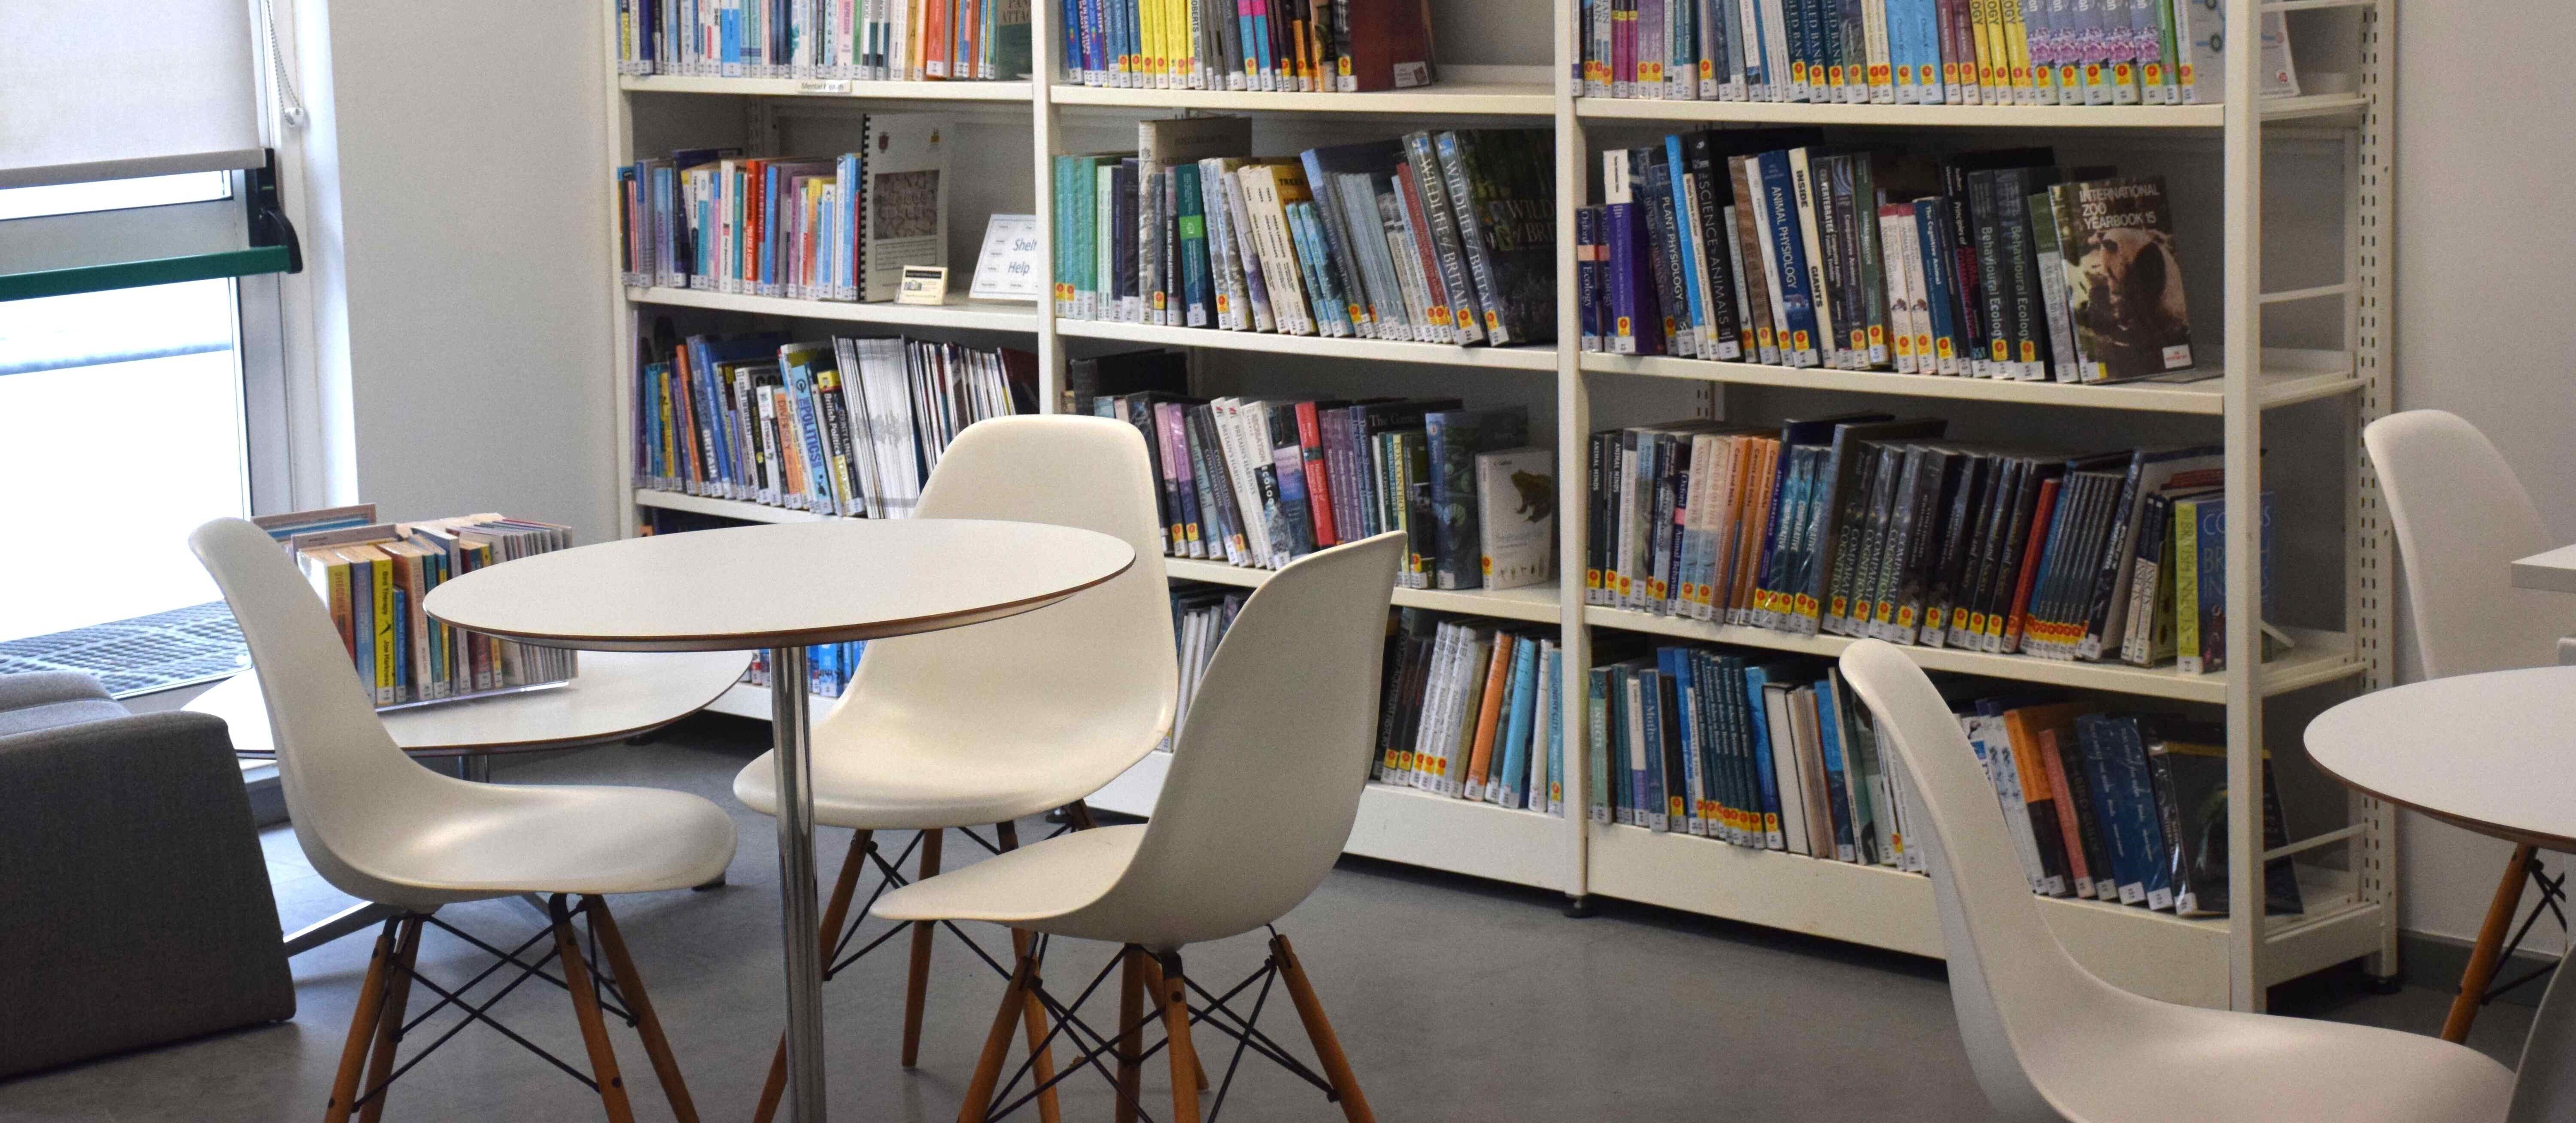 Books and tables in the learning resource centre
==
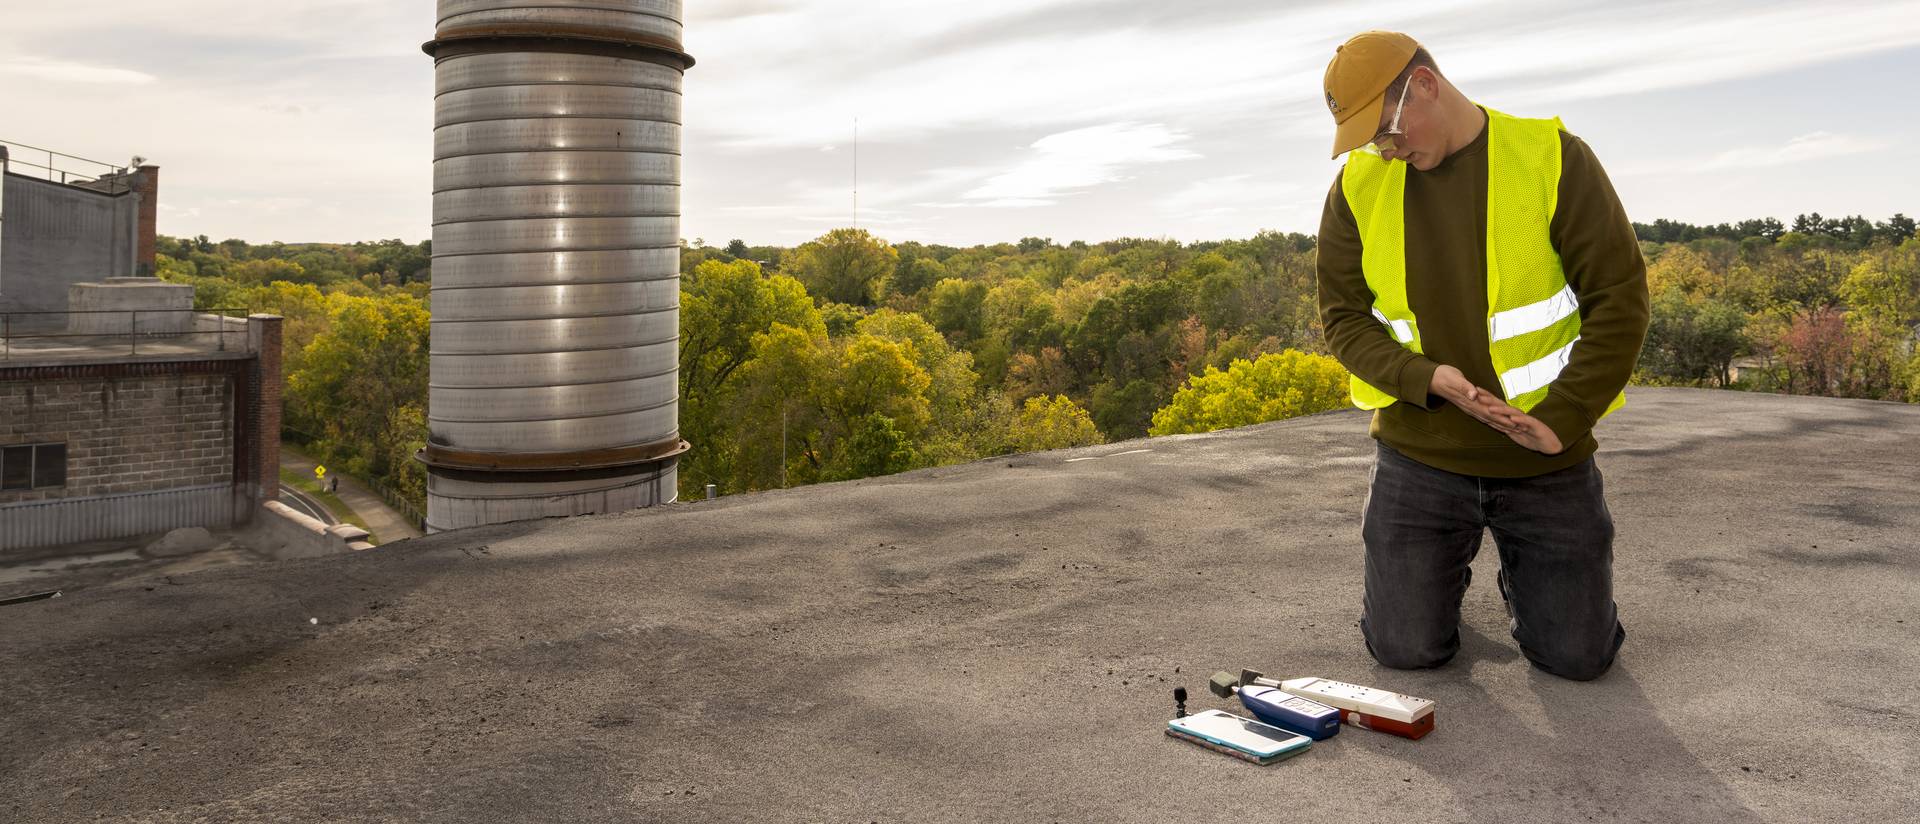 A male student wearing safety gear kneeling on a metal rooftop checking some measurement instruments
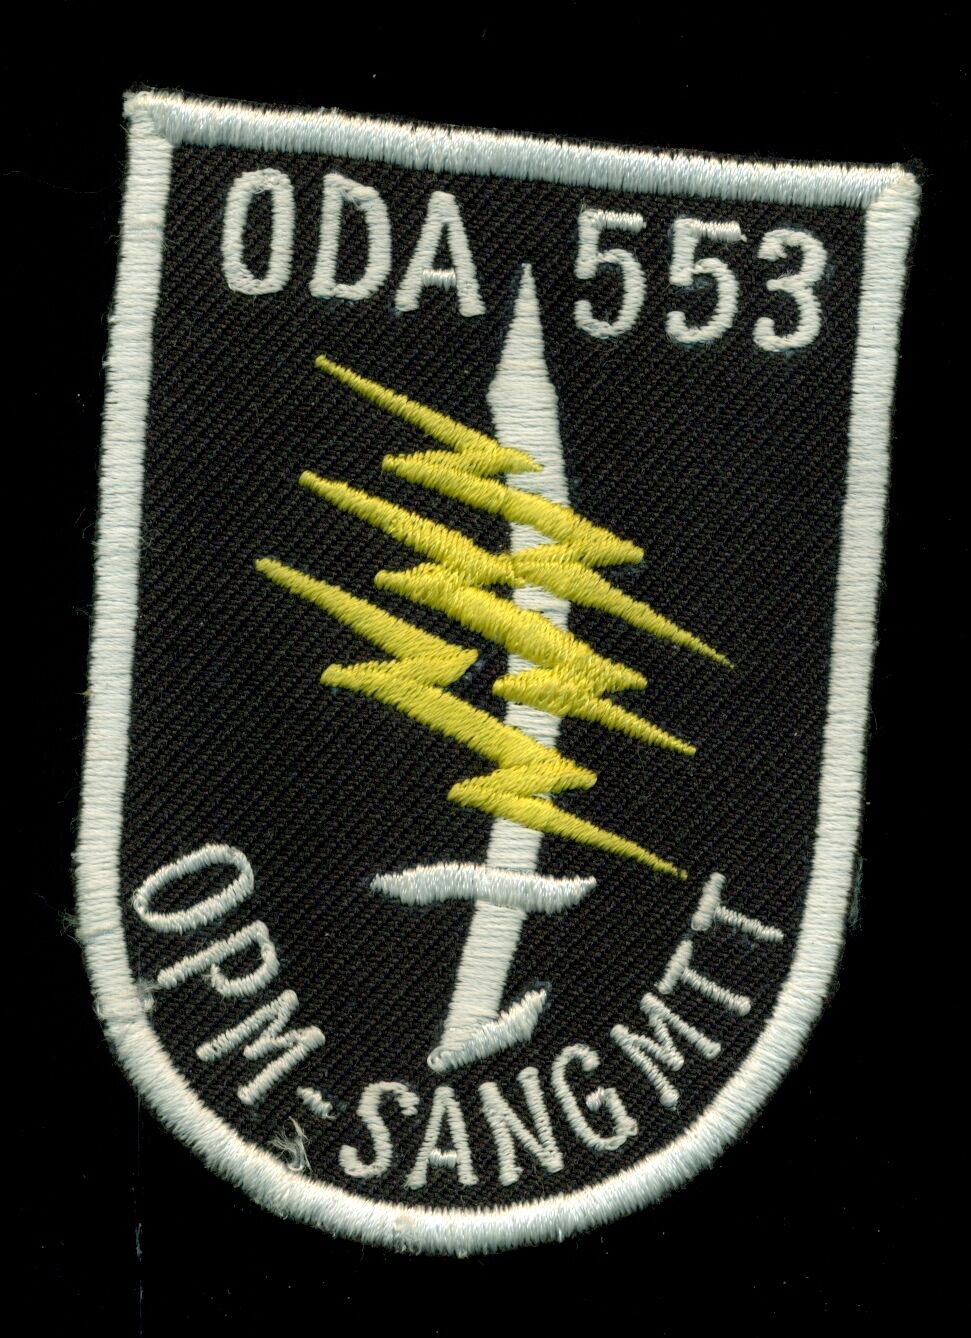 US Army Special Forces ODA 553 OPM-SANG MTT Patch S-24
---
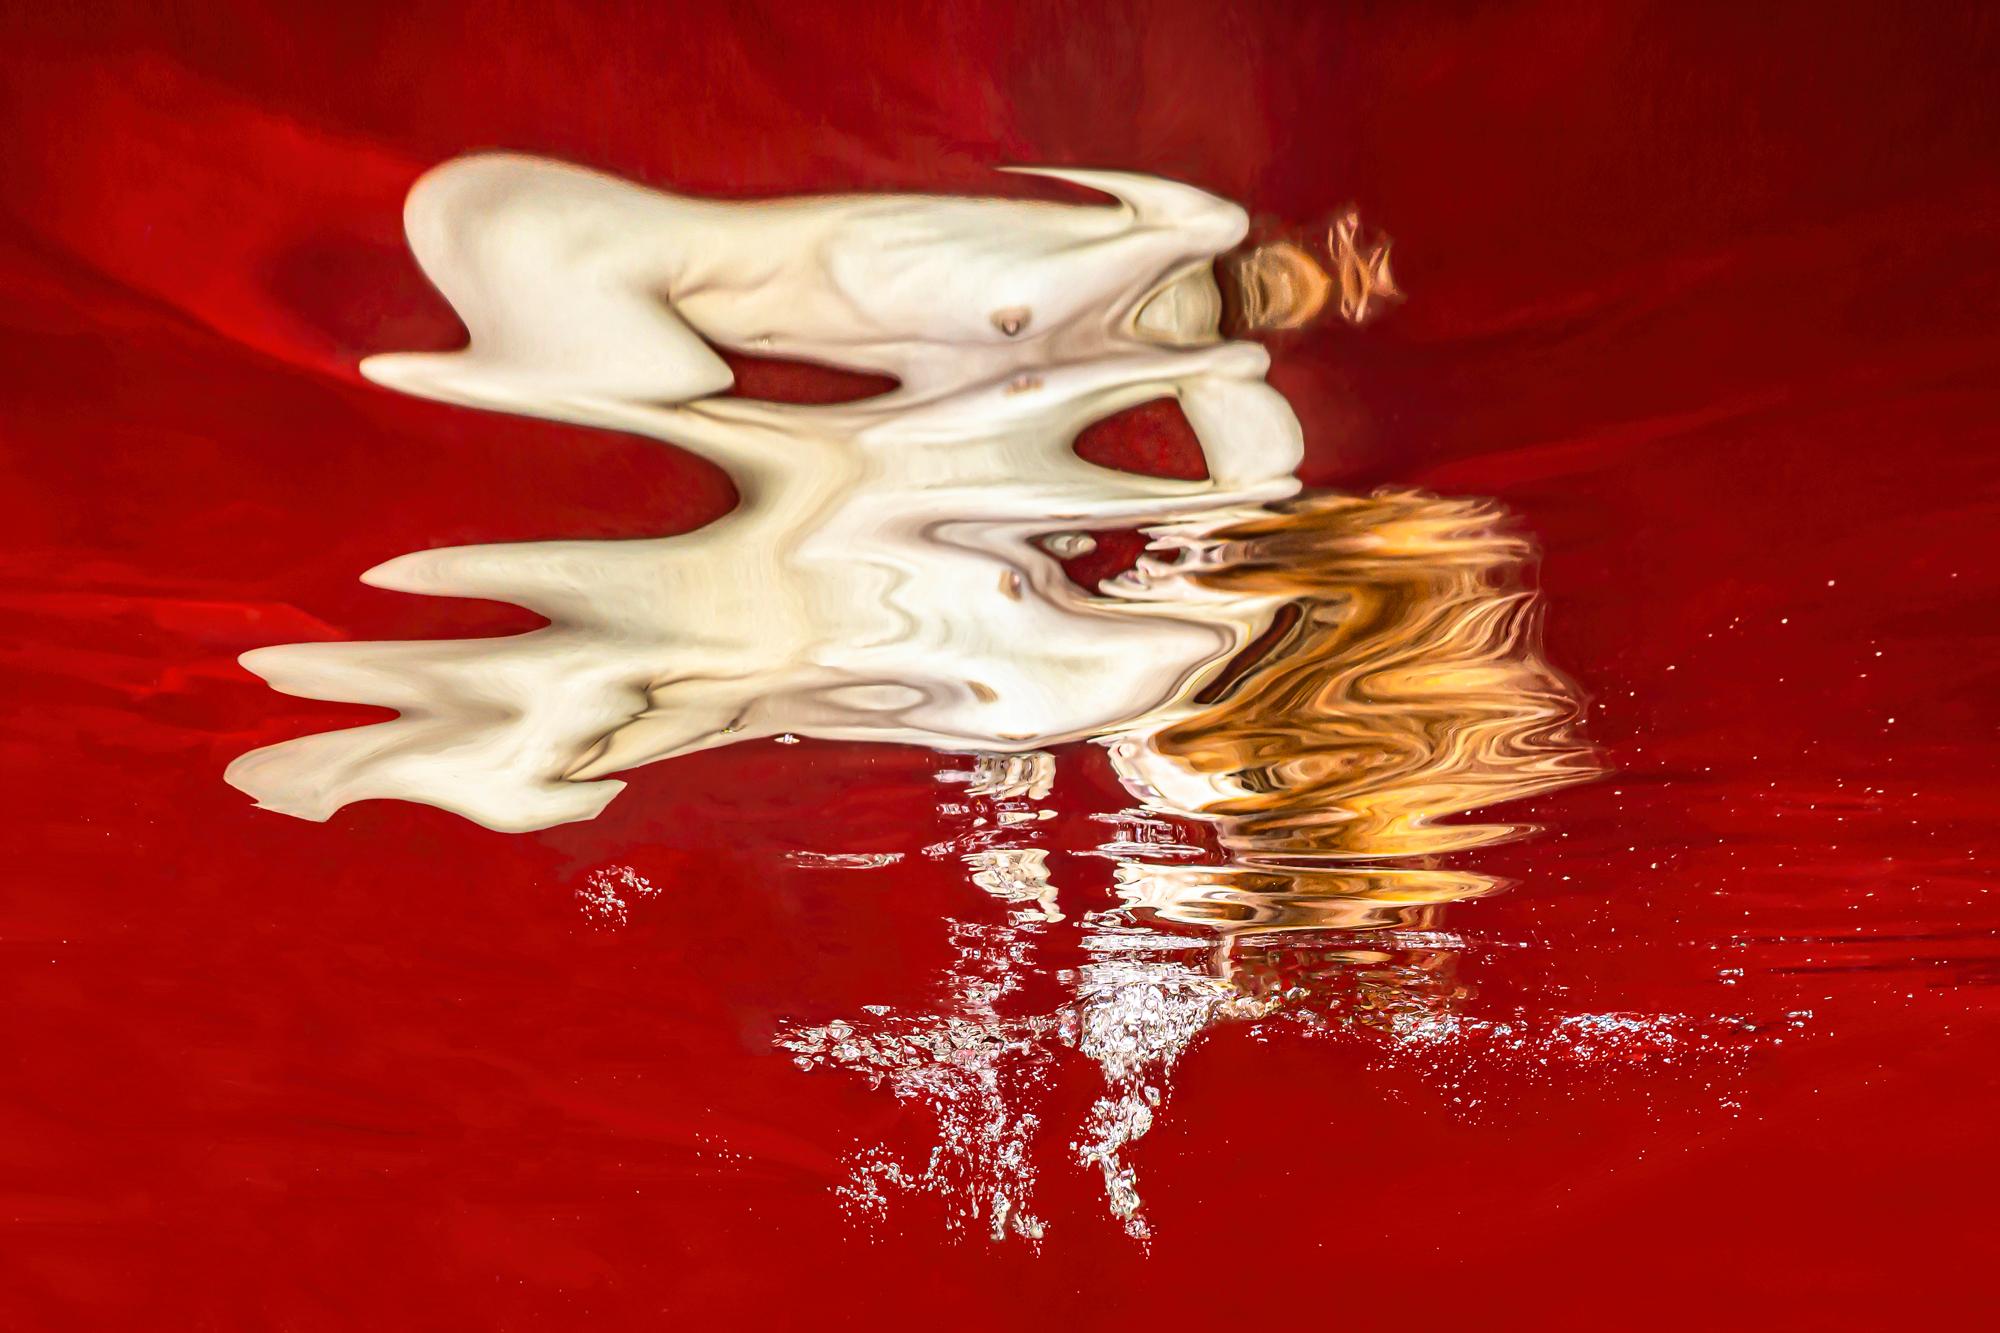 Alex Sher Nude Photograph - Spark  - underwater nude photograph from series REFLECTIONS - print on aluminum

Aim of the task:
Exactly reproduce the lines above, starting at the one that contains "A male student" and ending at the one that contains "US Army Special", both inclusive; leave the pictures out and add no other lines.

The answer:
 A male student wearing safety gear kneeling on a metal rooftop checking some measurement instruments
 US Army Special Forces ODA 553 OPM-SANG MTT Patch S-24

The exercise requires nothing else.